The new Act on Church, which was adopted on 14 July 2011, was widely criticized in Hungary and abroad as well mainly because of the facr that it grants formal recognition to only 14 of 352 religious organizations in Hungary. Due to the lack of objective assessment, we feel it necessary to reveal the main reasons of the creation of such law and the sensitive spots about the adoption.

The original Church Law, adopted right after the political changes in 1989, intended to compensate for the restriction of religious freedom by providing the as much liberty as possible. However, the past twenty years have proven that the act, which was among the most liberal church acts in the world, had a lot of weak points. Over the last years many communities took advantage of the easily performable requirements and set up churches without religious belief, only for the benefits warranted by law.

These abuses caused problems for the budget and drew the lawmakers’ attention to the unsolved question. The majority of the churches (like the Reformed Church in Hungary) welcomed and supported the intention of change, particularly the elimination of communities without real spiritual life and function.

The procedure of the establishment and adoption of the new Church Act however raised questions. While experts of the four so-called historical churches had the opportunity to examine the preliminary plans, the society only discovered about it from the news. Previously there were 352 registered churches, so the list of the fourteen legally recorded and formally recognized churches provoked conflicts. The act managed to eliminate “business churches” but there are some congregations who were unfairly deprived of their ecclesiastical status.

One week after the adoption, the Reformed Church and the Lutheran Church in Hungary addressed a letter to the Minister of Justice and Administration, in which they asked the record of 5 more denominations which are members of the Ecumenical Council of Churches in Hungary (the Methodist Church, the Pentecostal Church, the Salvation Army, the Hungarian Free Christian Community and the Oldchristian Apostolic Church). 

Nevertheless, it is important to emphasize that the act, which makes a distinction between communities according to the number of members or the effect on the society, is in harmony with the mainline European practice. Furthermore, the announced list is yet provisional, so other denominations can qualify later. The members of the non-recorded churches are free to practice their faith and there is no restriction in freedom of religions. The main difference is about state support and financial privileges. In this regard, the government promised to negotiate over the financing of the public service provided by institutions and initiatives of denominations which weren’t on the list until the end of 2011.

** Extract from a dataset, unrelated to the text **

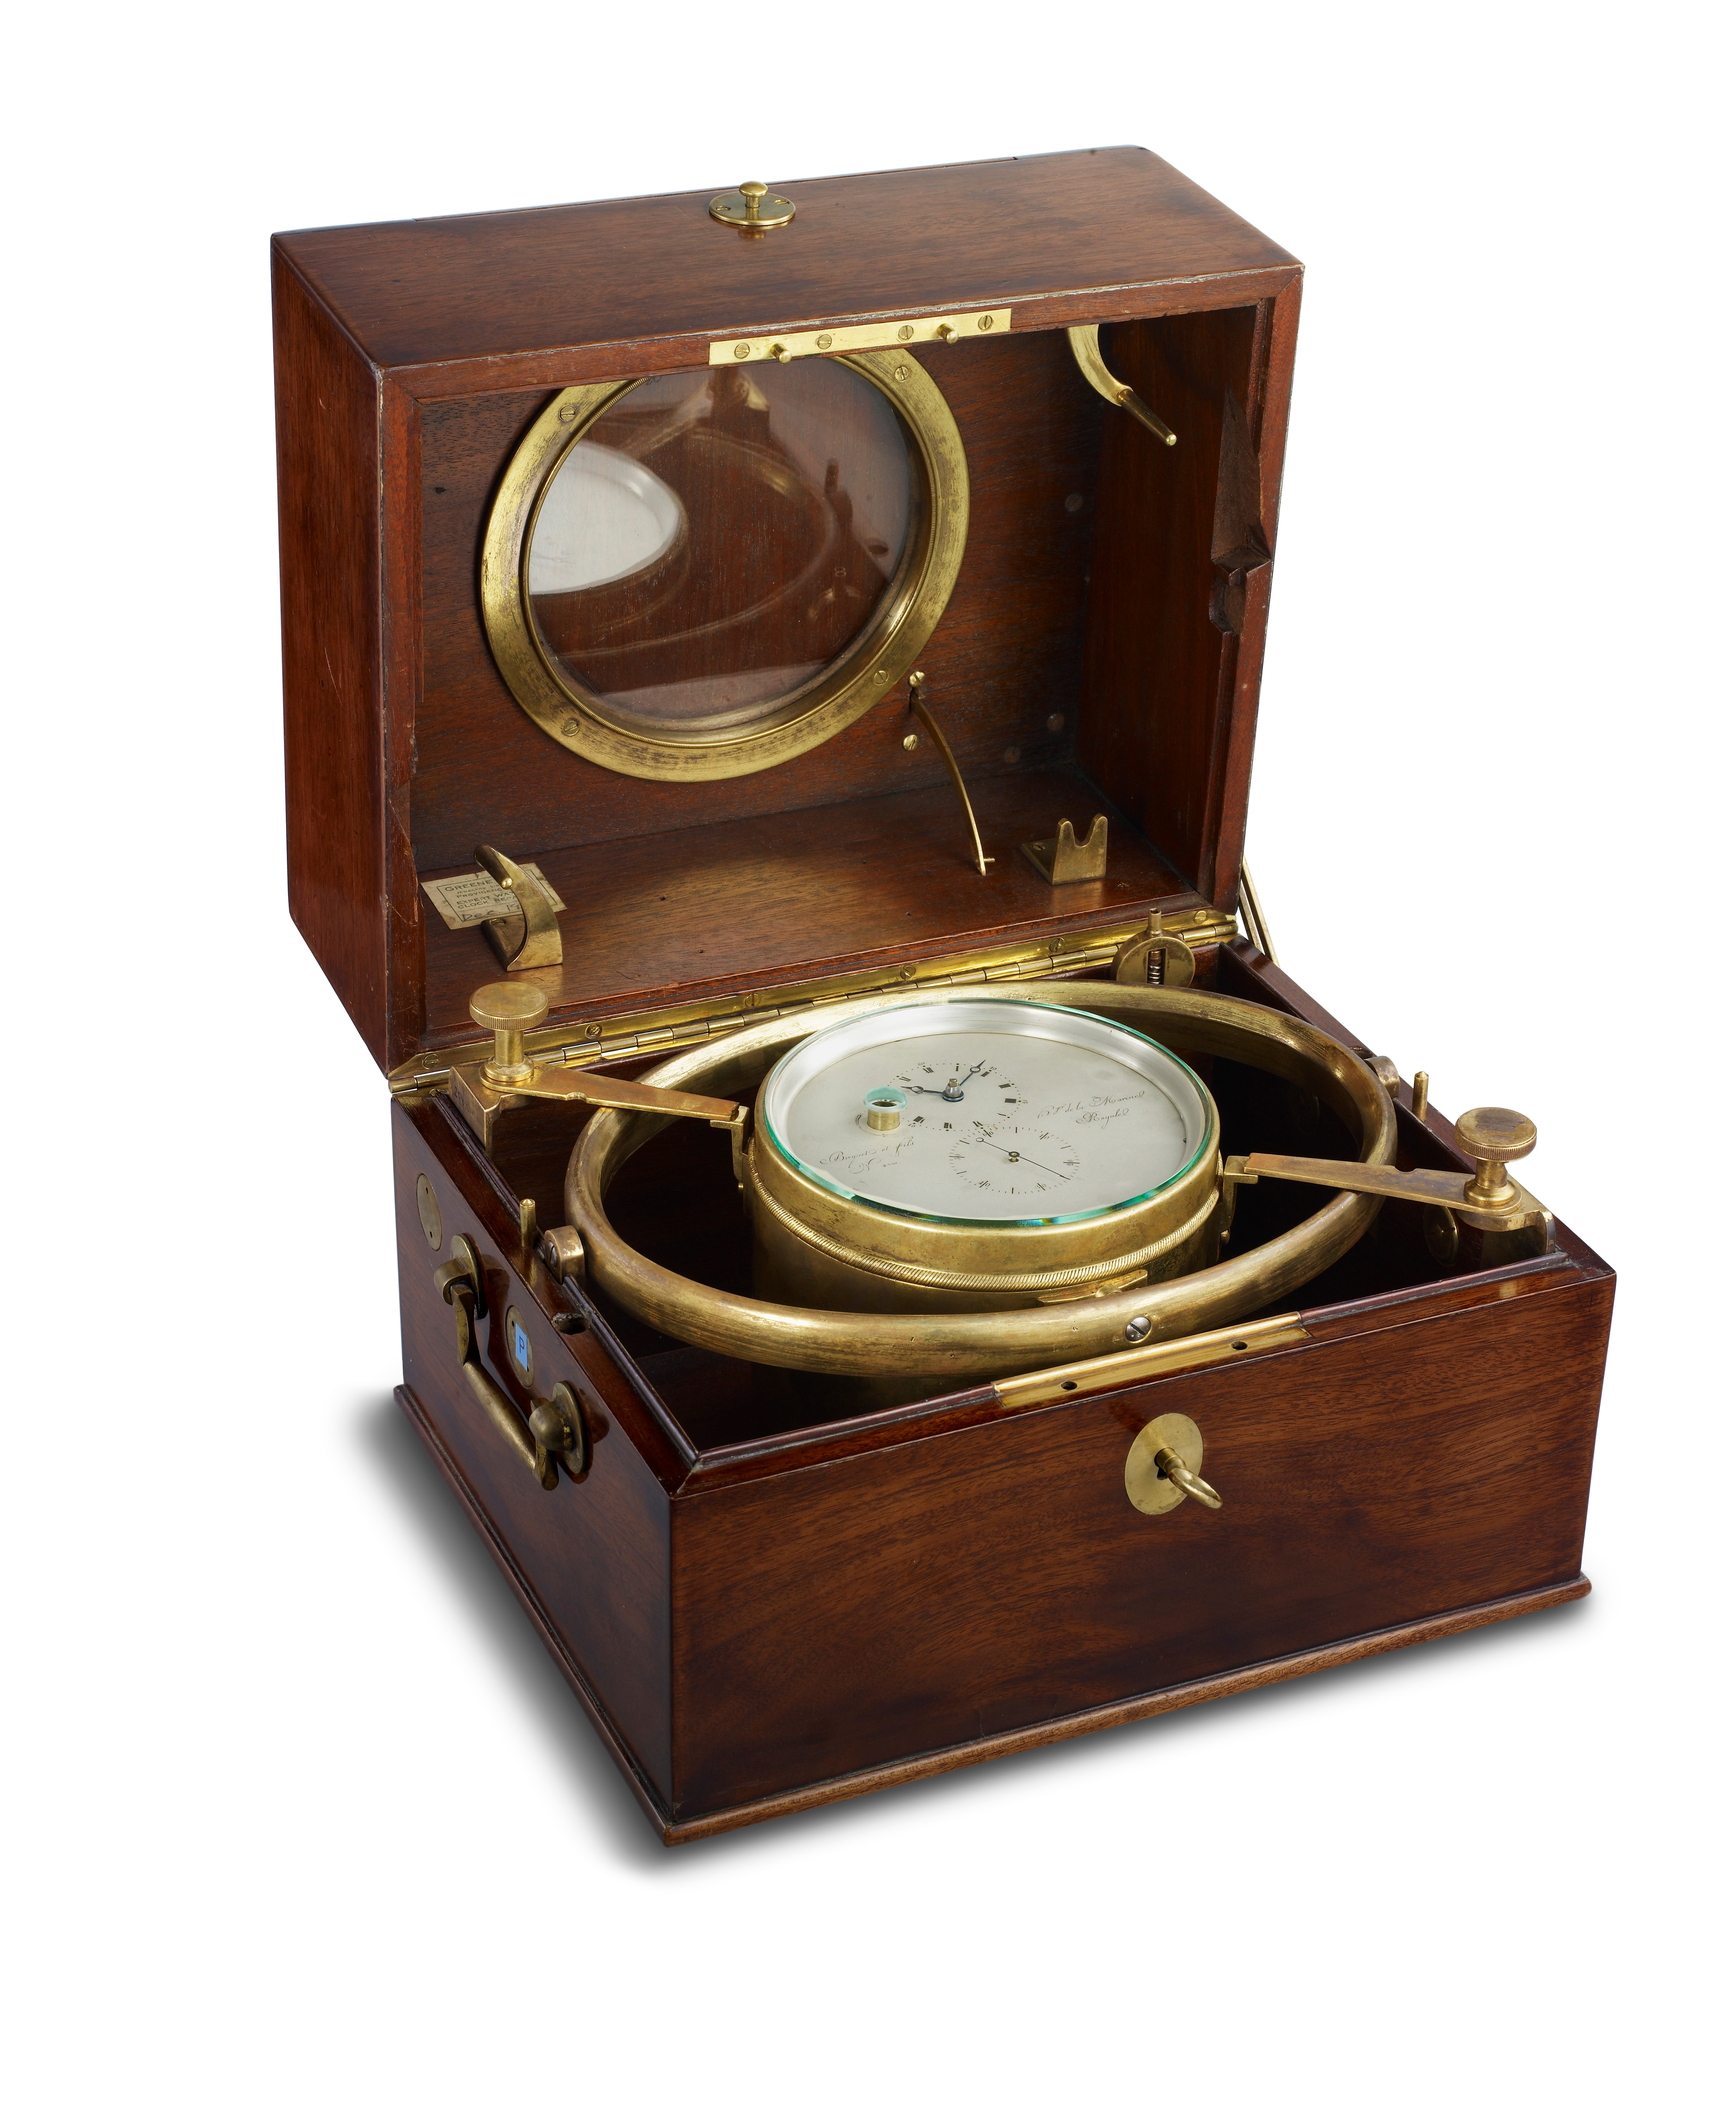 왕정 해군의 크로노미터 메이커(Chronometer-Maker to the Royal Navy)

To sum up, the act on “liberty of conscience, religious freedom and the legal state of churches, denominations and religious communities” is not an extremist, dictatorial law. The amendment of the previous law was necessary and the adopted law reflects other European countries’ practice. The real question is in the details: whether the government will be able to make difference between legal and illegal demand of registration or not.